The following sections provide a brief description of each module:

1.5.1. distribute

distribute module contains HPUStrategy class, a drop-in replacement for tensorflow.distribute.MultiWorkerMirroredStrategy class. See Distributed Training with TensorFlow.

1.5.2. grads

grad module contains gradients for public Ops implemented inside the TensorFlow bridge library. These gradients are automatically registered in TensorFlow when calling load_habana_module().

1.5.3. habana_device

habana_device module contains Python interface for extra features of habana_device library. It also contains custom Events handling support.

1.5.4. habana_estimator

habana_estimator module is a custom tf.estimator.Estimator that allows data pre-fetching to Gaudi. See example of tf.data.prefetch_to_device in Model Performance Optimization Guide for TensorFlow.

1.5.5. hccl

hccl module (internal) provides Python wrapper for HCCL API used internally for testing.

1.5.6. horovod_helpers

horovod_helpers module (internal) is a helper module for habana-horovod package.

1.5.7. hw_profiler_helpers

hw_profiler_helpers module contains utility profiling functions that can be enabled via environment variables.

1.5.8. library_loader

library_loader module is a main entry point to the Python Package. It contains load_habana_module() function, that needs to be called to initialize TensorFlow bridge library and enable training on Gaudi. Additionally, there is load_op_library() function to be used with TensorFlow CustomOp API.

1.5.9. lib_utils

lib_utils module validates the environment of the installed habana-tensorflow package and searches libraries needed for initialization.

1.5.10. multinode_helpers

multinode_helpers module initializes multinode environment during call to load_habana_module().

1.5.11. ops

ops module contains public custom Ops implemented inside the TensorFlow bridge library.

1.5.12. py_synapse_logger

py_synapse_logger module contains a Python wrapper for synapse logger library.
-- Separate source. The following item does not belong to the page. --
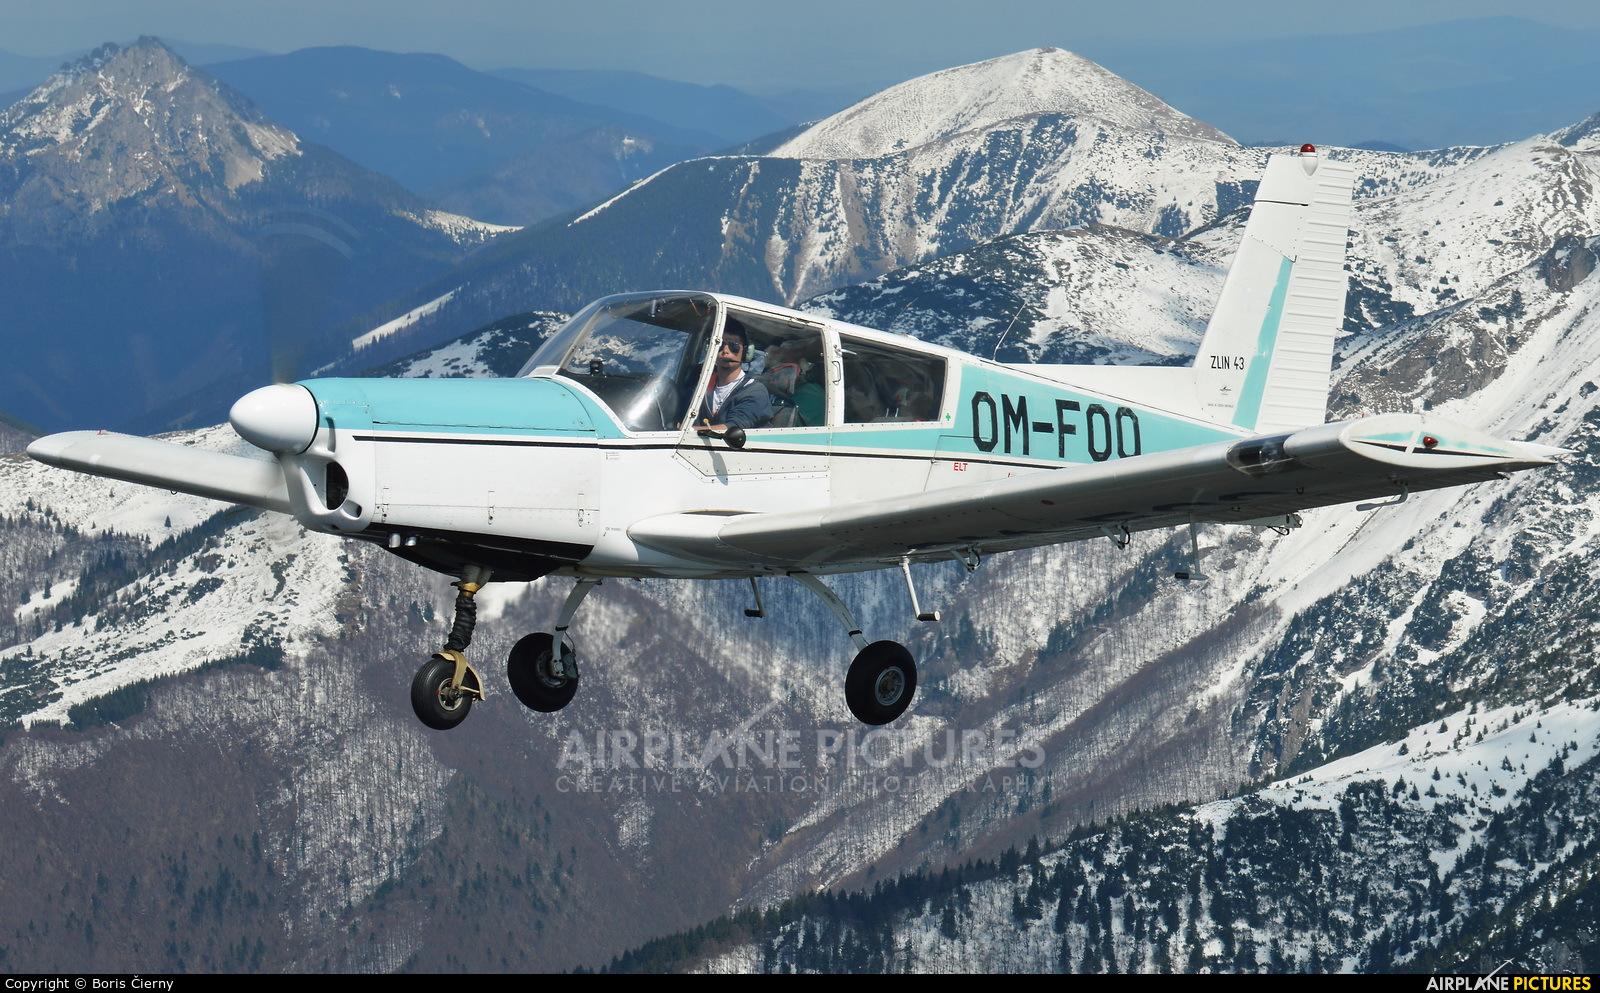 Aeroklub Očová OM-FOO aircraft at In Flight - Slovakia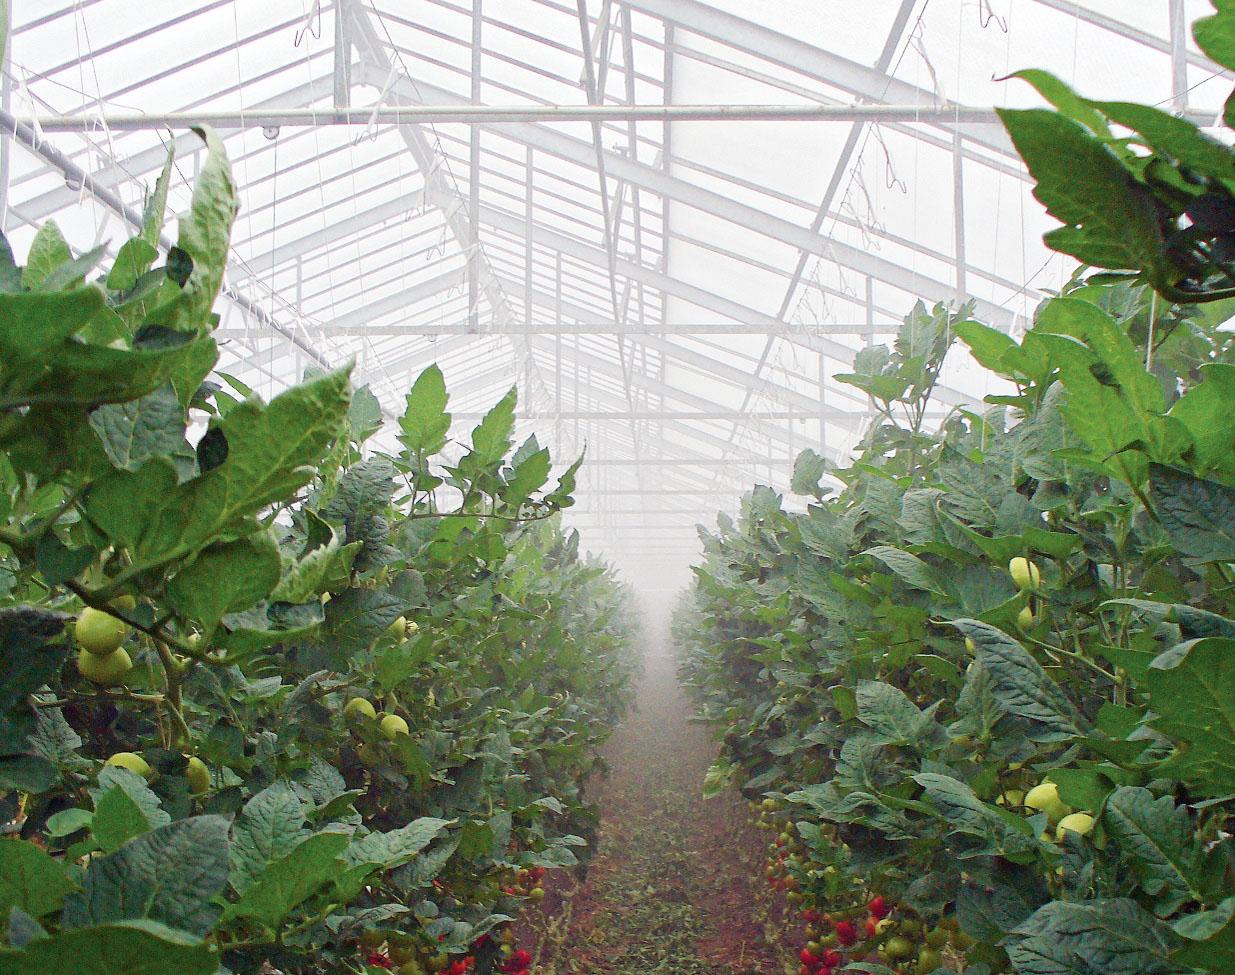 Je feiner EM mit oder ohne Zusätze vernebelt wird, desto besser für die Pflanzen.

1.5.13. synapse_logger_helpers

synapse_logger_helpers module contains helper functions to use py_synapse_logger module.

1.5.14. sysconfig

sysconfig module, similarly to tf.sysconfig, contains __version__ and functions to retrieve information needed for compilation of custom ops:

  • Library location

  • Include location

  • Compiler flags

  • Linker flags

For more details on CustomOp API, see TensorFlow CustomOp API.

1.5.15. tb_utils

tb_utils module contains extensions to default tf.Estimator/keras hooks and TensorBoard visualization classes.

1.5.16. util

util module (internal) contains utility functions.

1.5.17. version_getter

version_getter module (internal) purpose is to retrieve version of TensorFlow bridge library via C API. The user does not need to use this file, since it is invoked to retrieve __version__.